• _WHAT THIS TASK INVOLVES_
To complete this task, print all the data below exactly but leave out the images.

• _SUPPLIED INFORMATION_

---

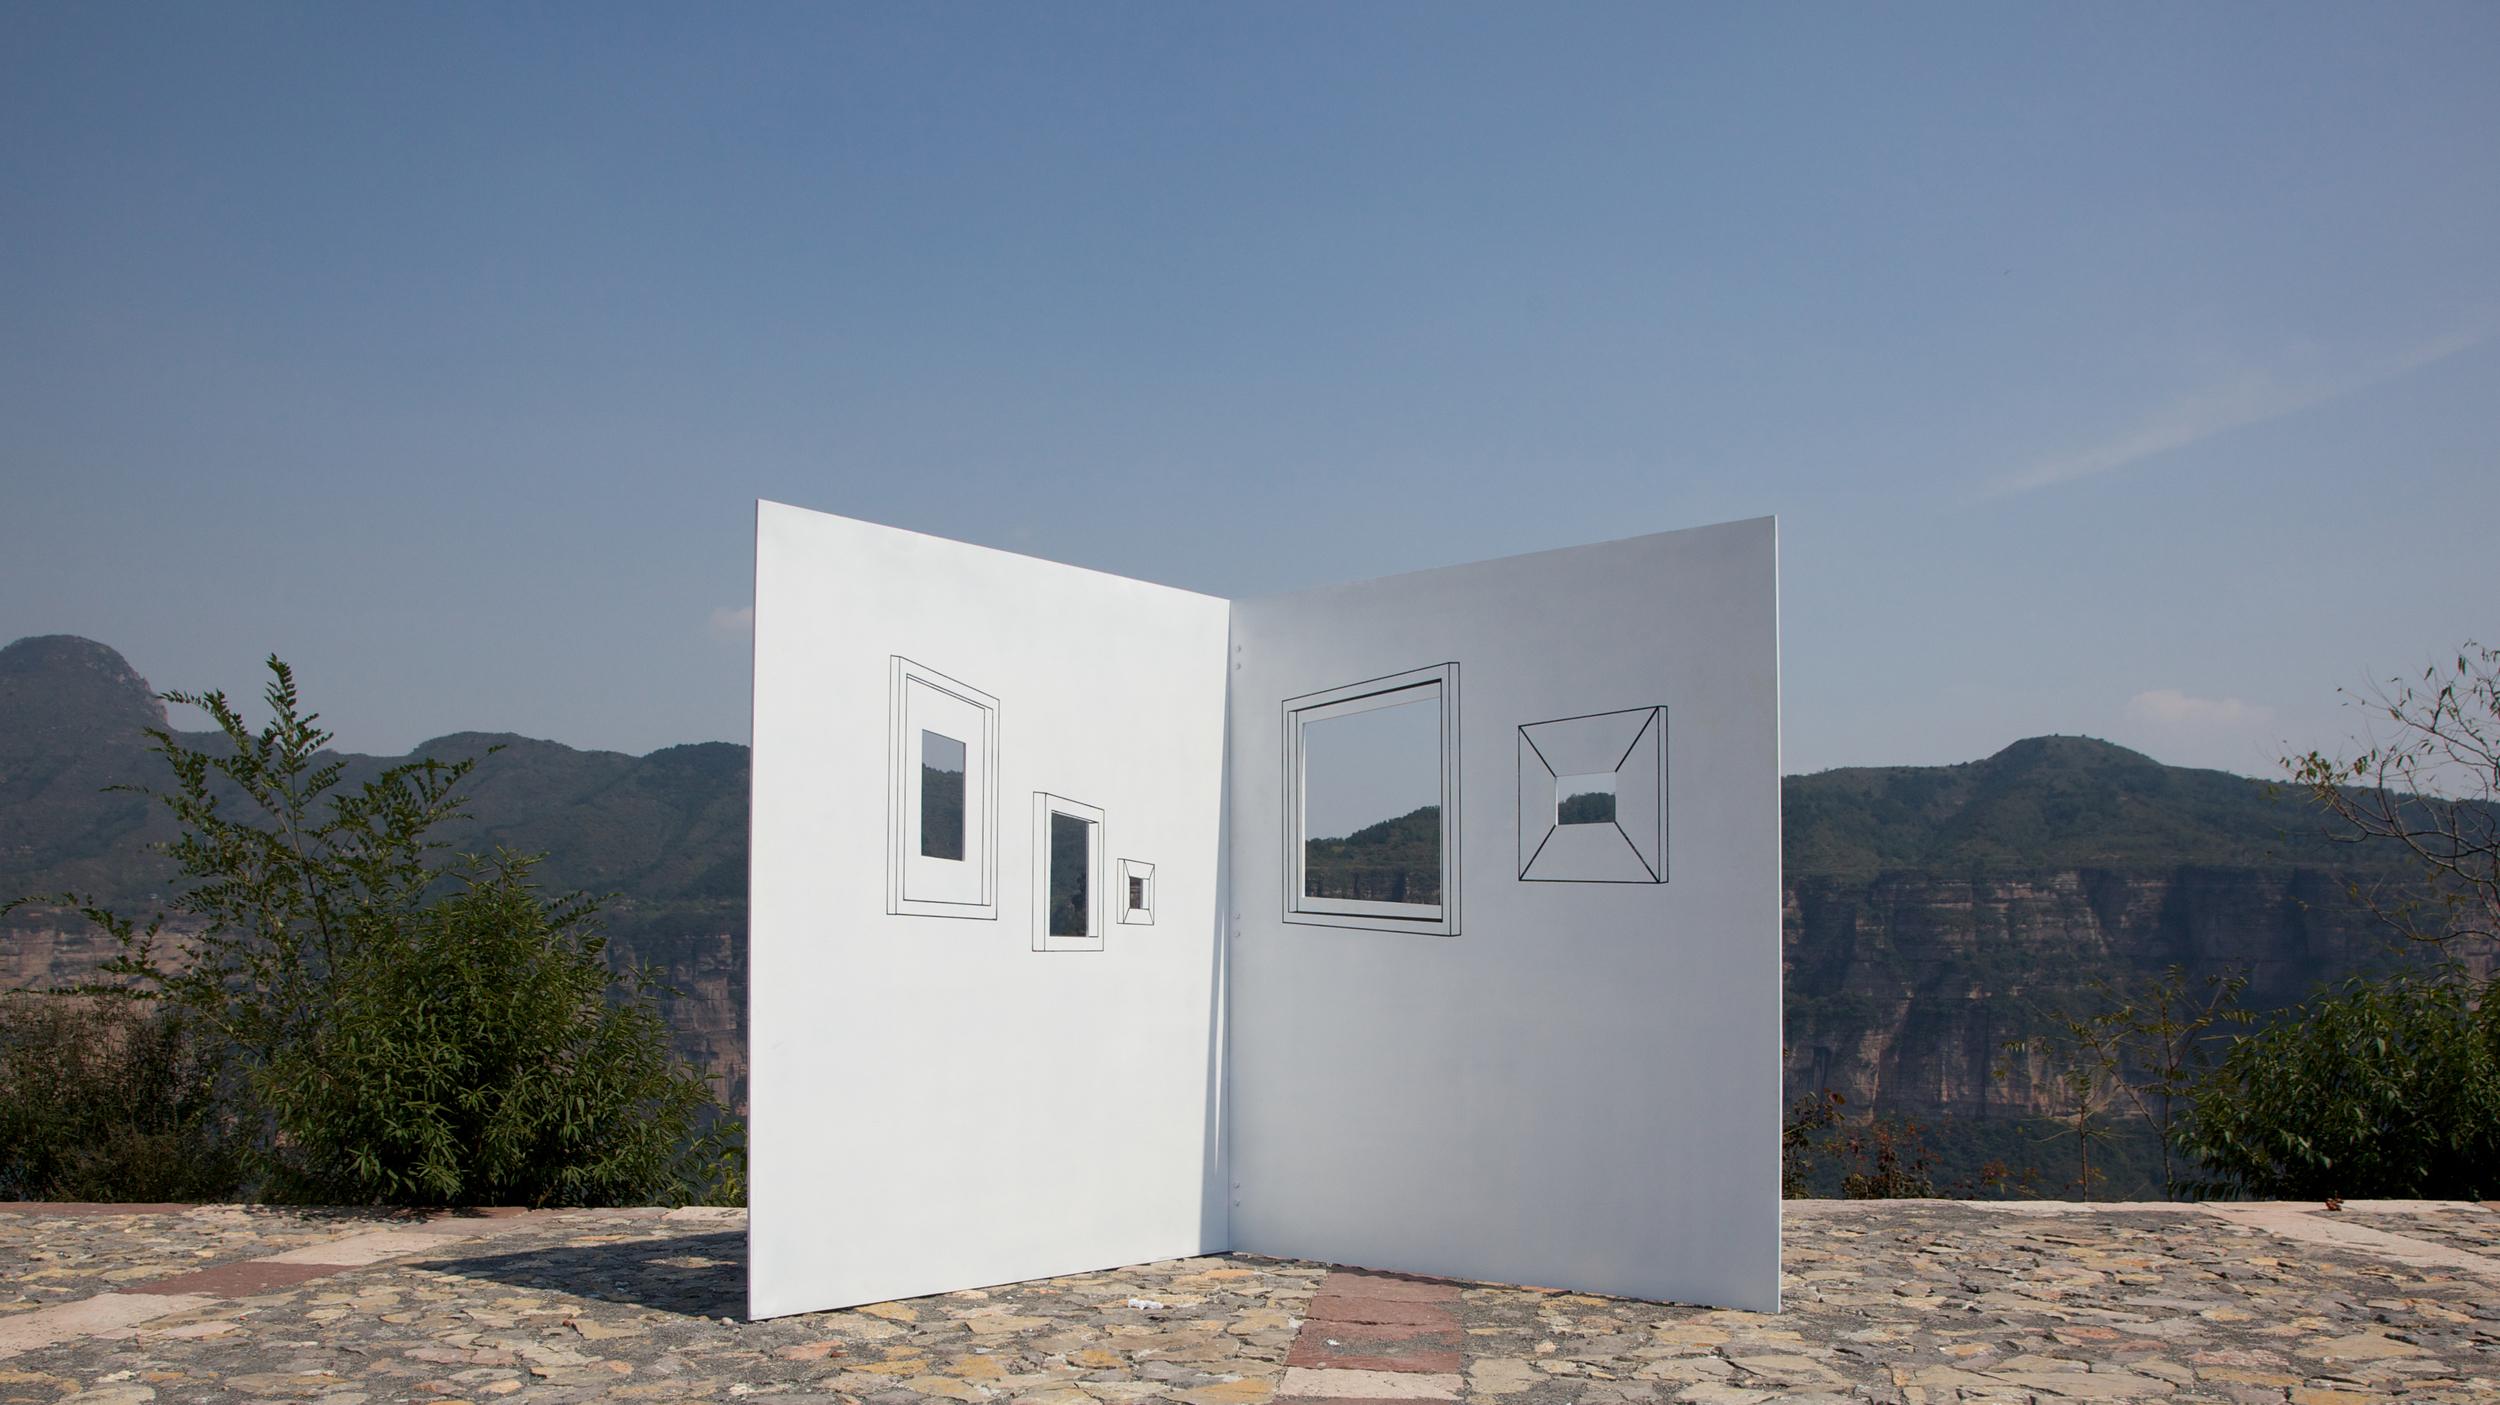 Ji Zhou 计洲, View on the Wall 墙上的风景, 2011, Installation view
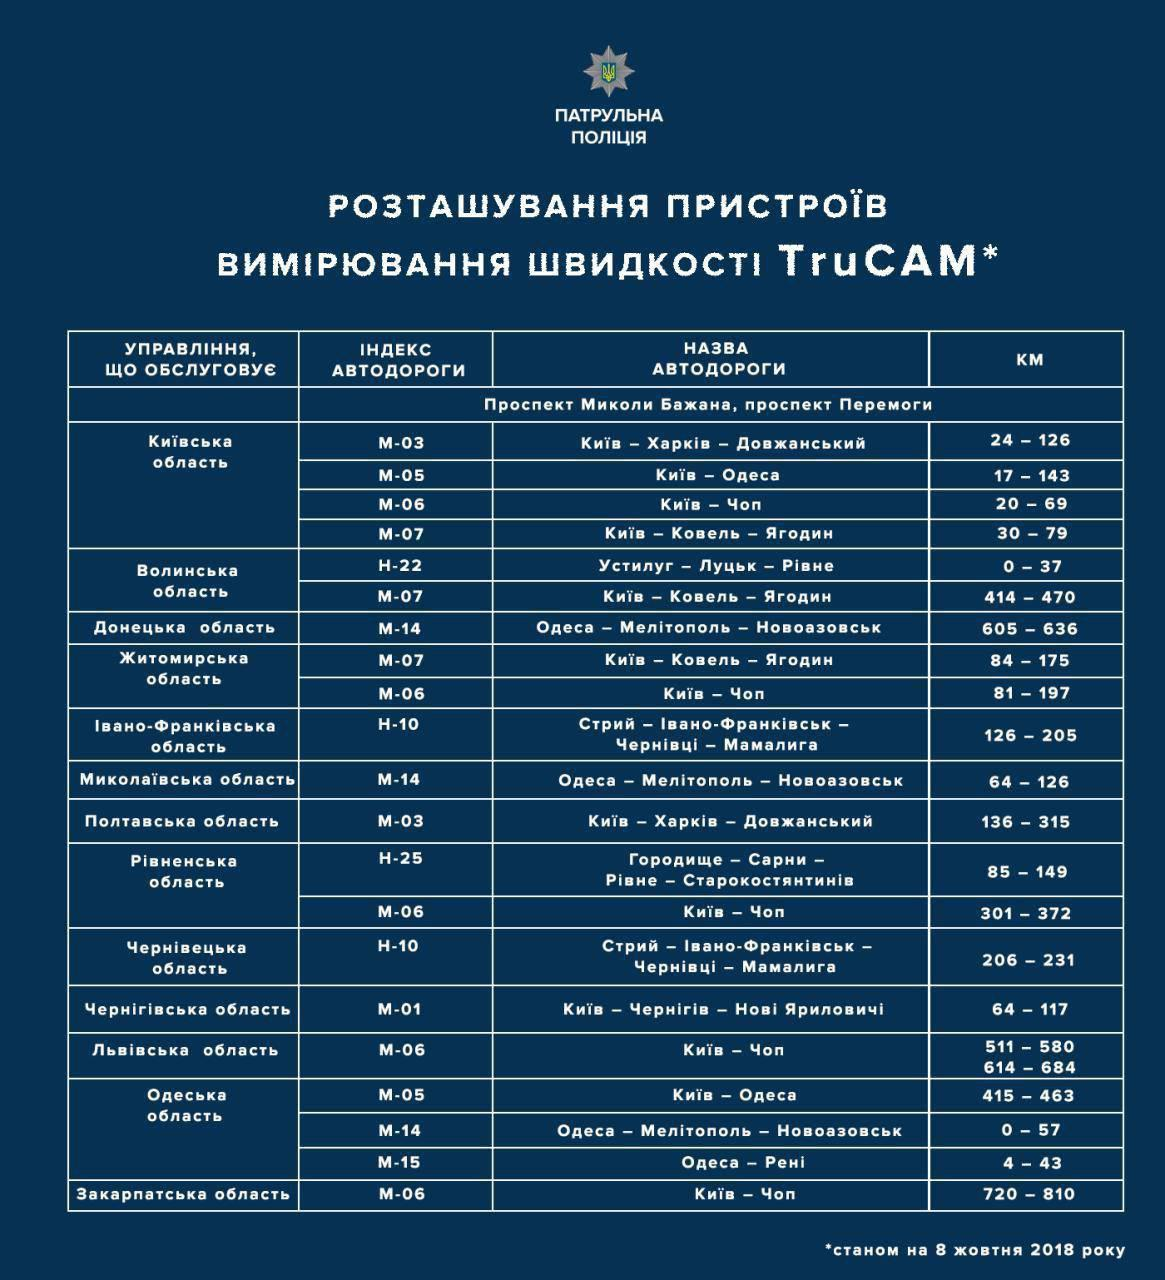 Розташування пристроїв вимірювання швидкості TruCam станом на 8 жовтня 2018 року
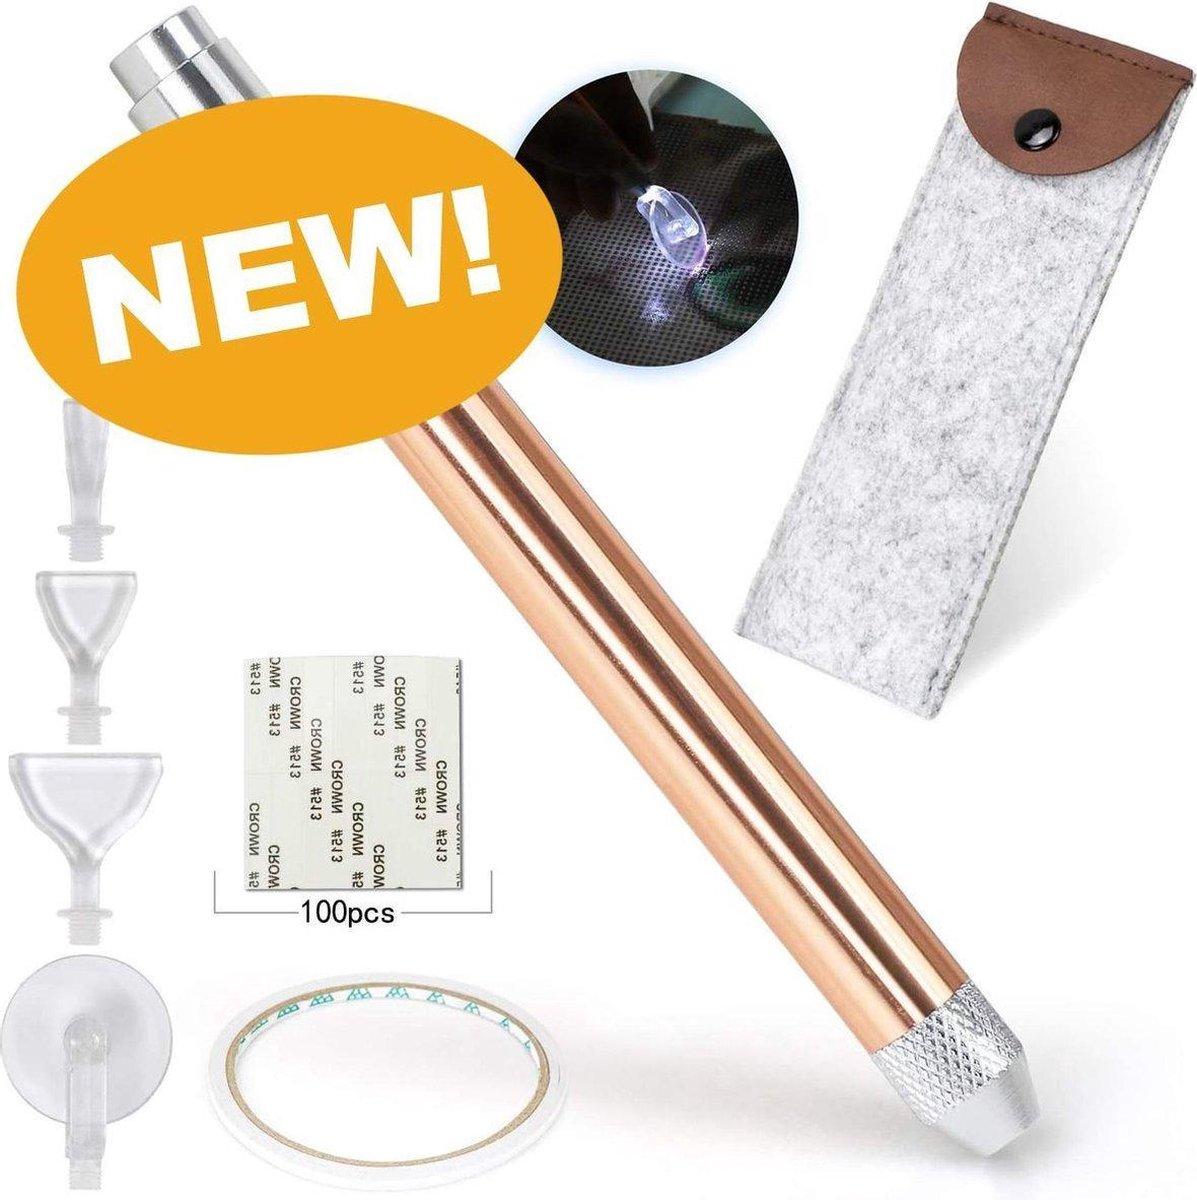 Updated 2021: Diamond Painting Pen met Licht 107-Delig - Lichtpen voor Diamond Painting Volwassenen - Diamond Painting Accesoires - Diamond Painting Tools

---

• _SOLUTION TO THIS PROBLEM_
 Ji Zhou 计洲, View on the Wall 墙上的风景, 2011, Installation view
 Розташування пристроїв вимірювання швидкості TruCam станом на 8 жовтня 2018 року
 Updated 2021: Diamond Painting Pen met Licht 107-Delig - Lichtpen voor Diamond Painting Volwassenen - Diamond Painting Accesoires - Diamond Painting Tools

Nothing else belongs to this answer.